Data segment: Begin
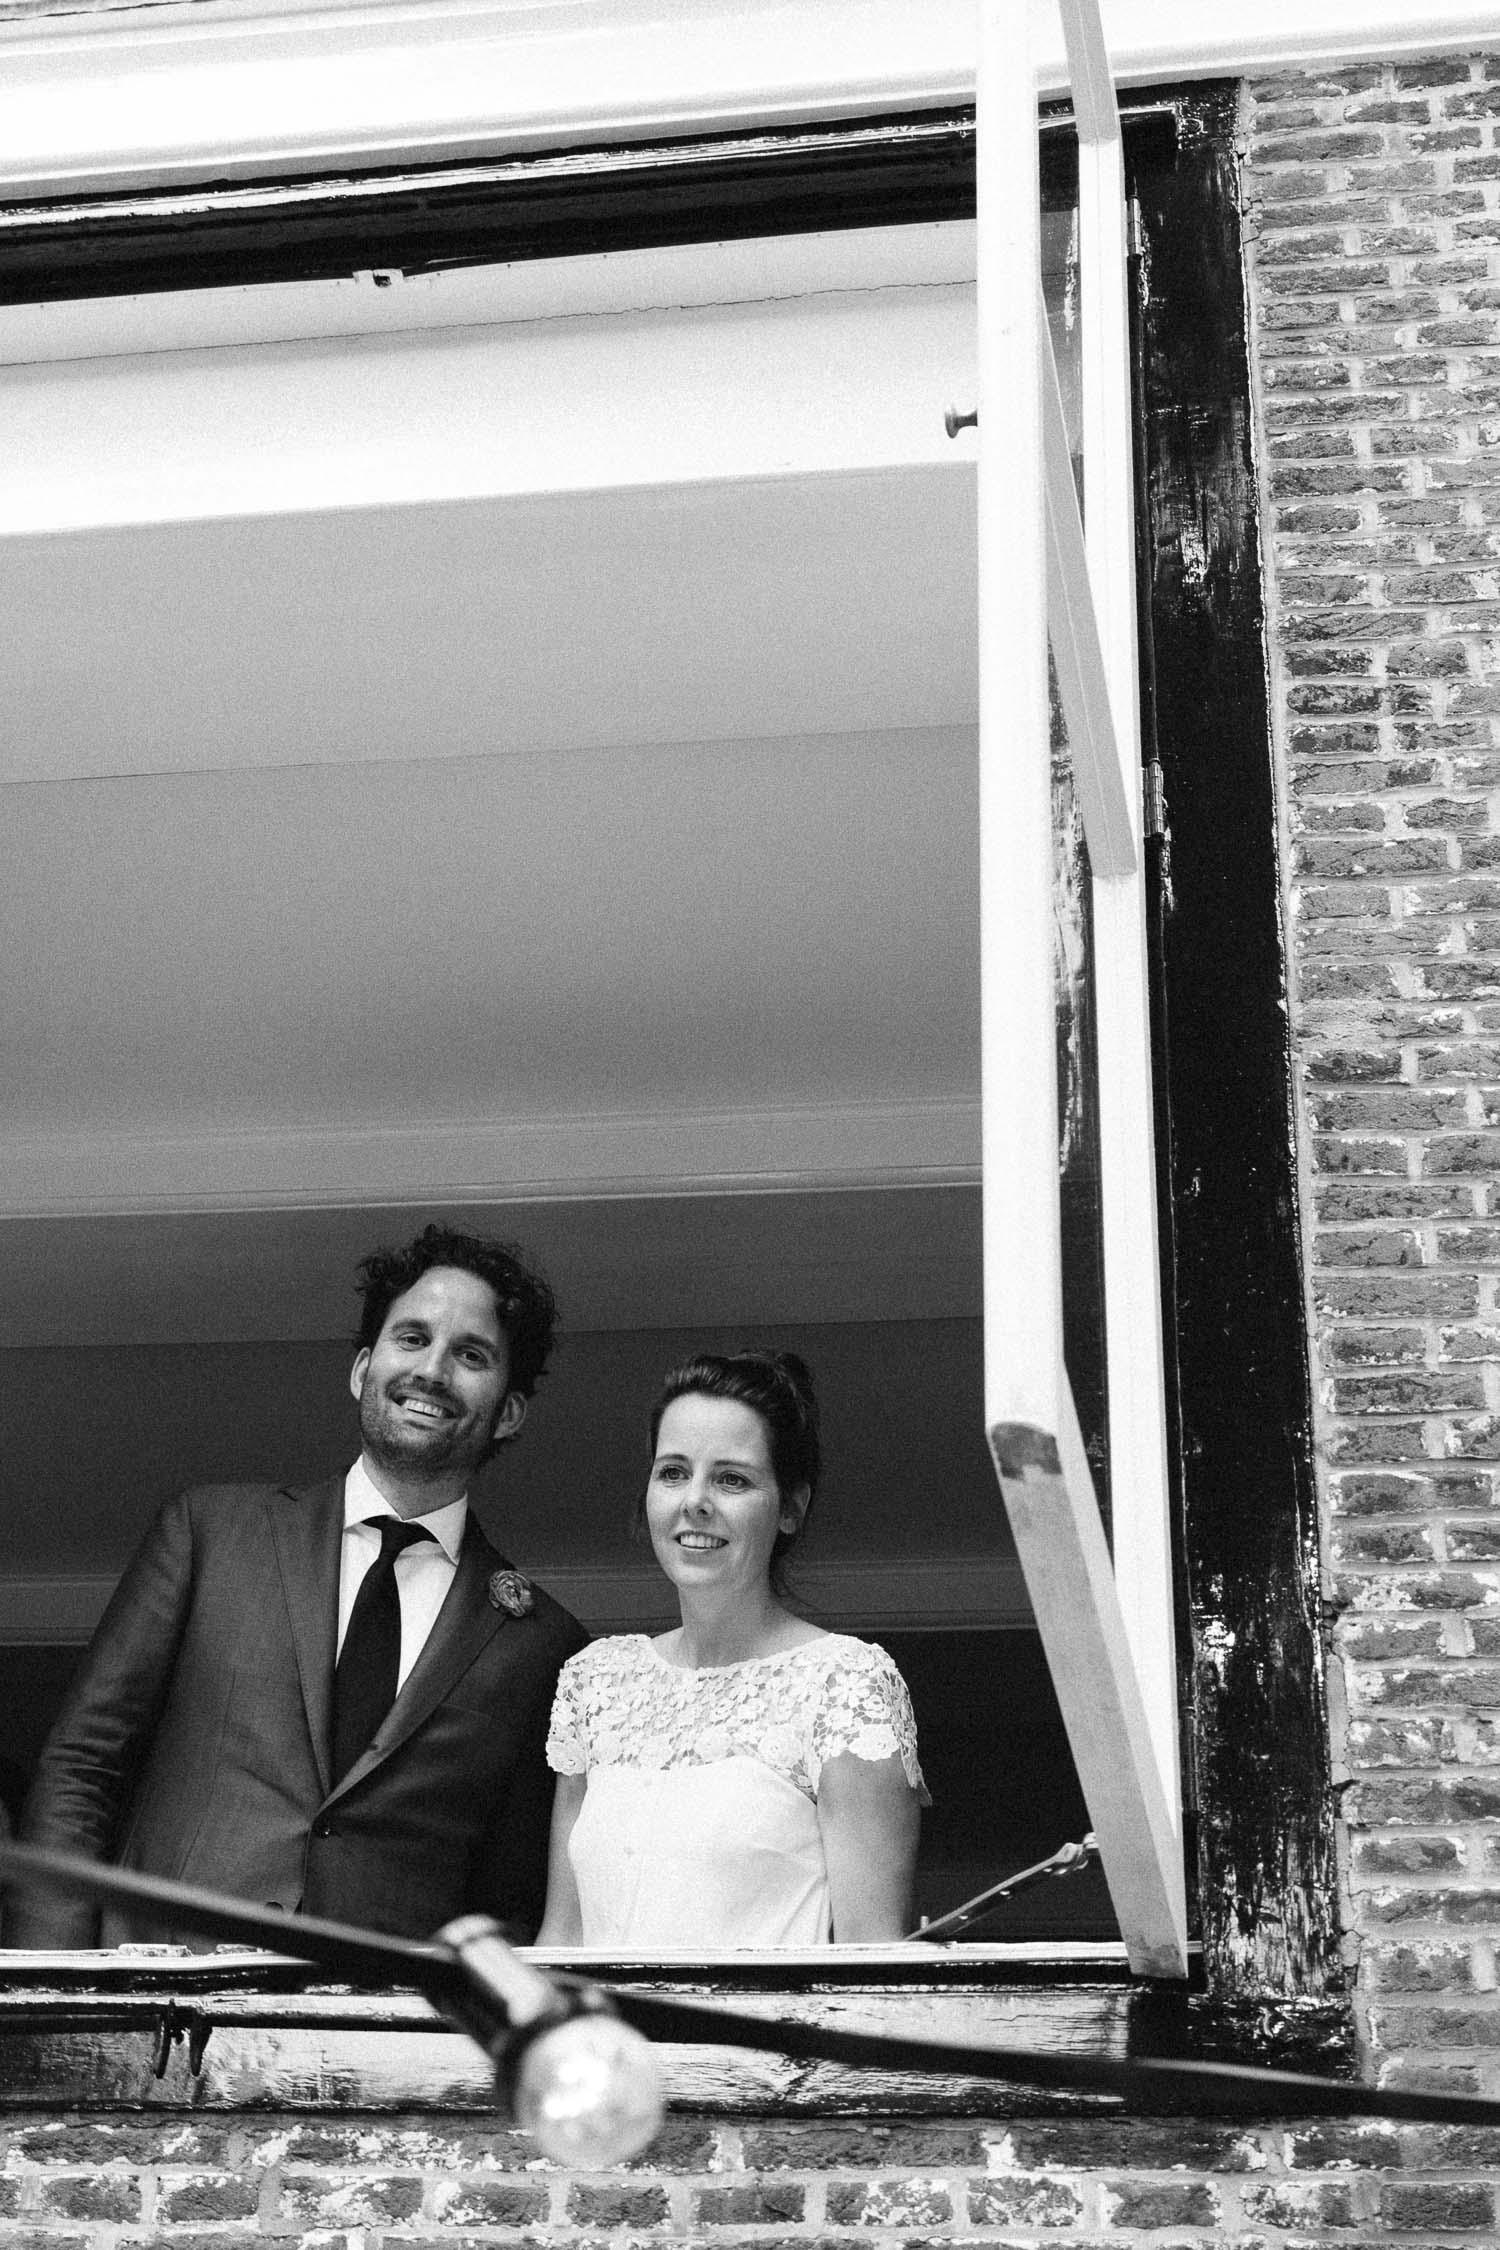 Backyard-wedding-Bruiloft-Annemiek-David-fotografie-photography-On-a-hazy-morning-Amsterdam-The-Netherlands405.jpg
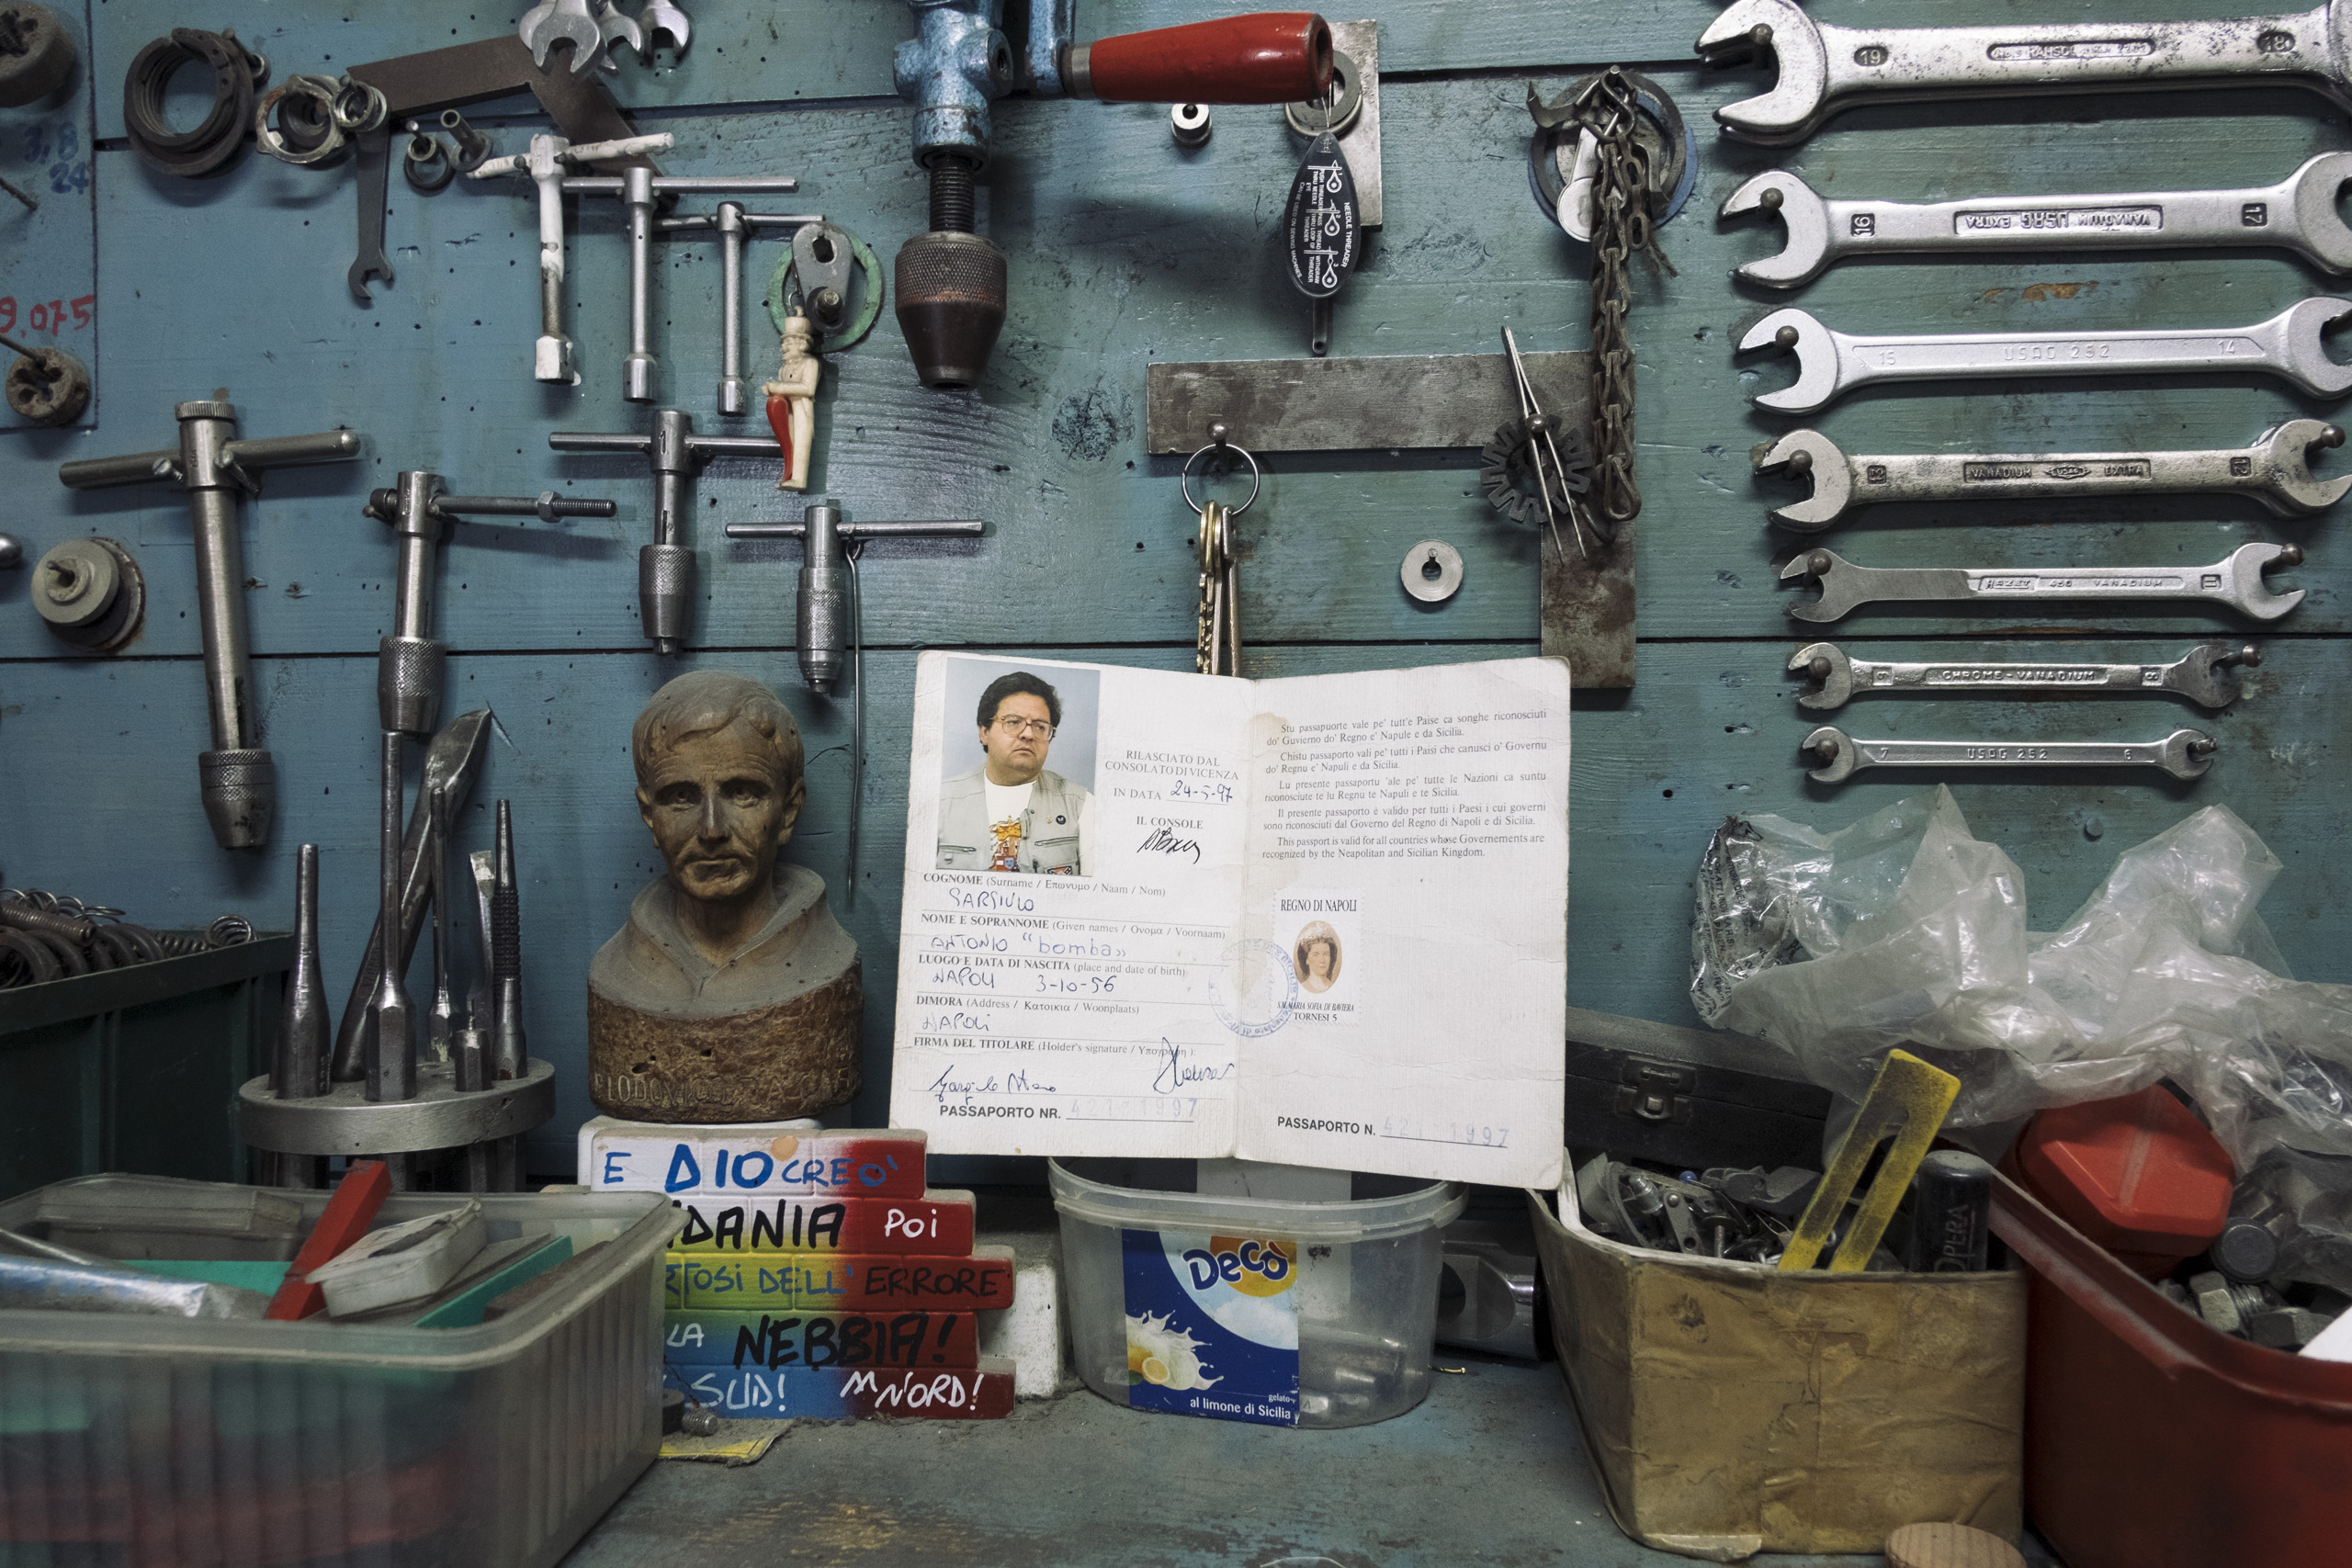 A Kingdom of Two Sicilies passport belonging to a Neapolitan artisan, April, 2016.
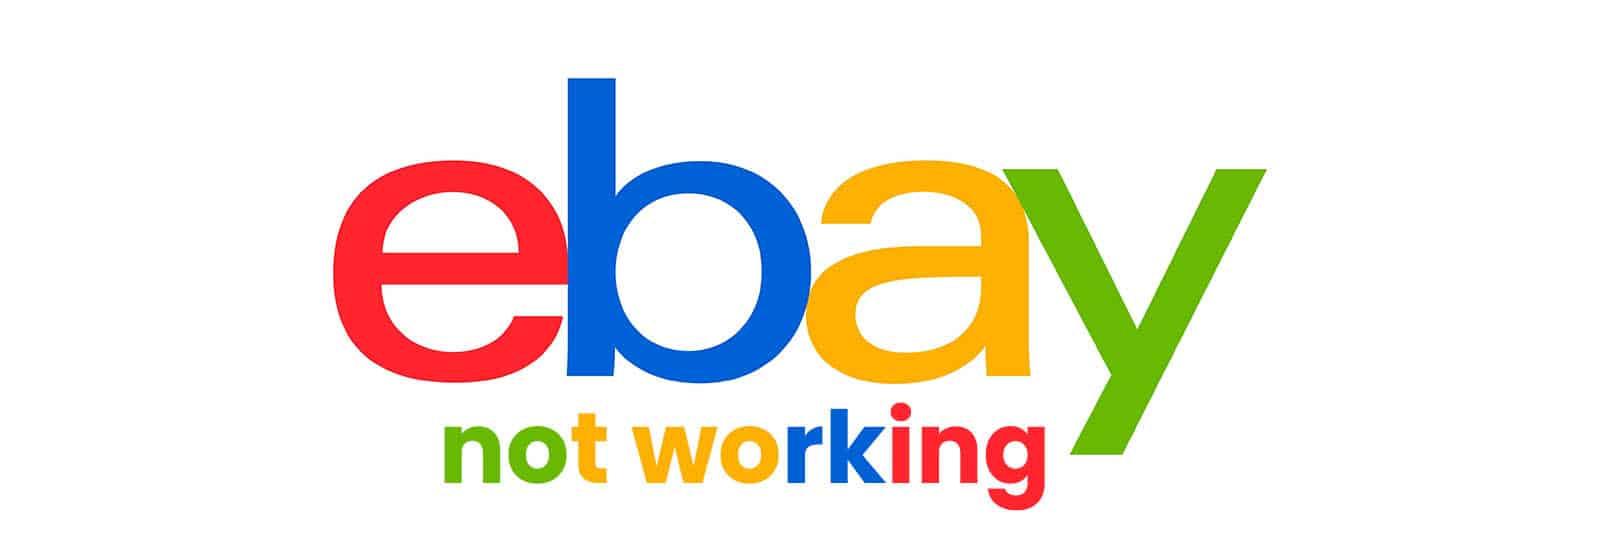 ebay-not-working
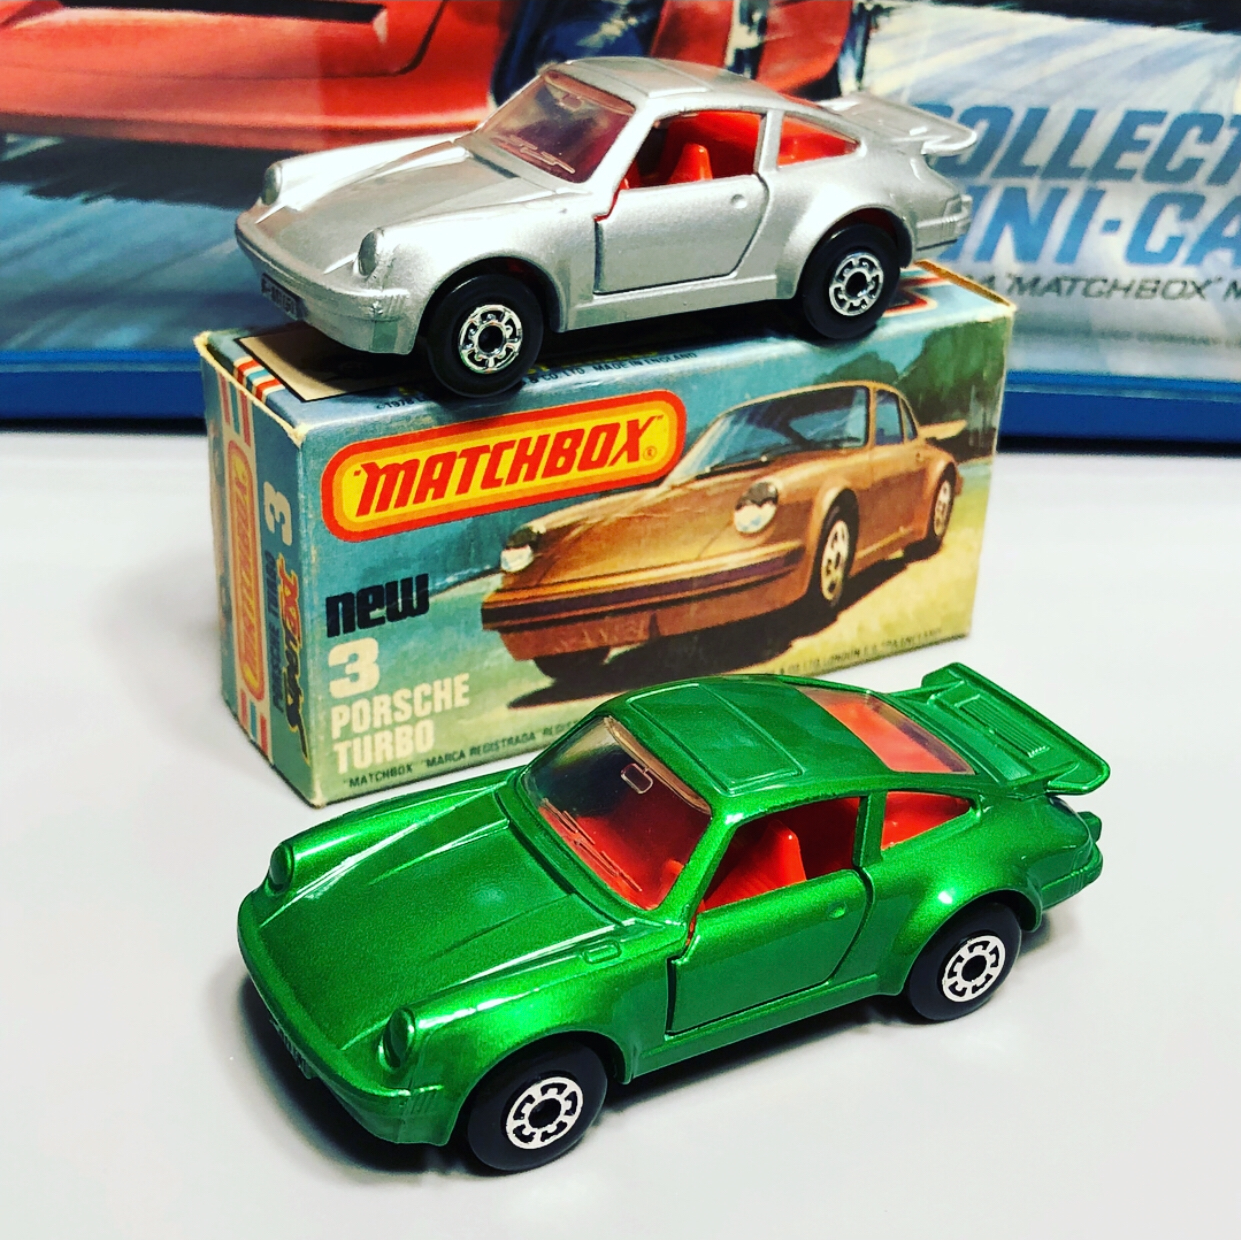 Pin By Σακης On μοντελισμος Toy Model Cars Matchbox Cars Matchbox
Data segment: End
Your goal. Please copy the data above character for character, skipping any pictures.

Response to this task.
 Backyard-wedding-Bruiloft-Annemiek-David-fotografie-photography-On-a-hazy-morning-Amsterdam-The-Netherlands405.jpg
 A Kingdom of Two Sicilies passport belonging to a Neapolitan artisan, April, 2016.
 ebay-not-working
 Pin By Σακης On μοντελισμος Toy Model Cars Matchbox Cars Matchbox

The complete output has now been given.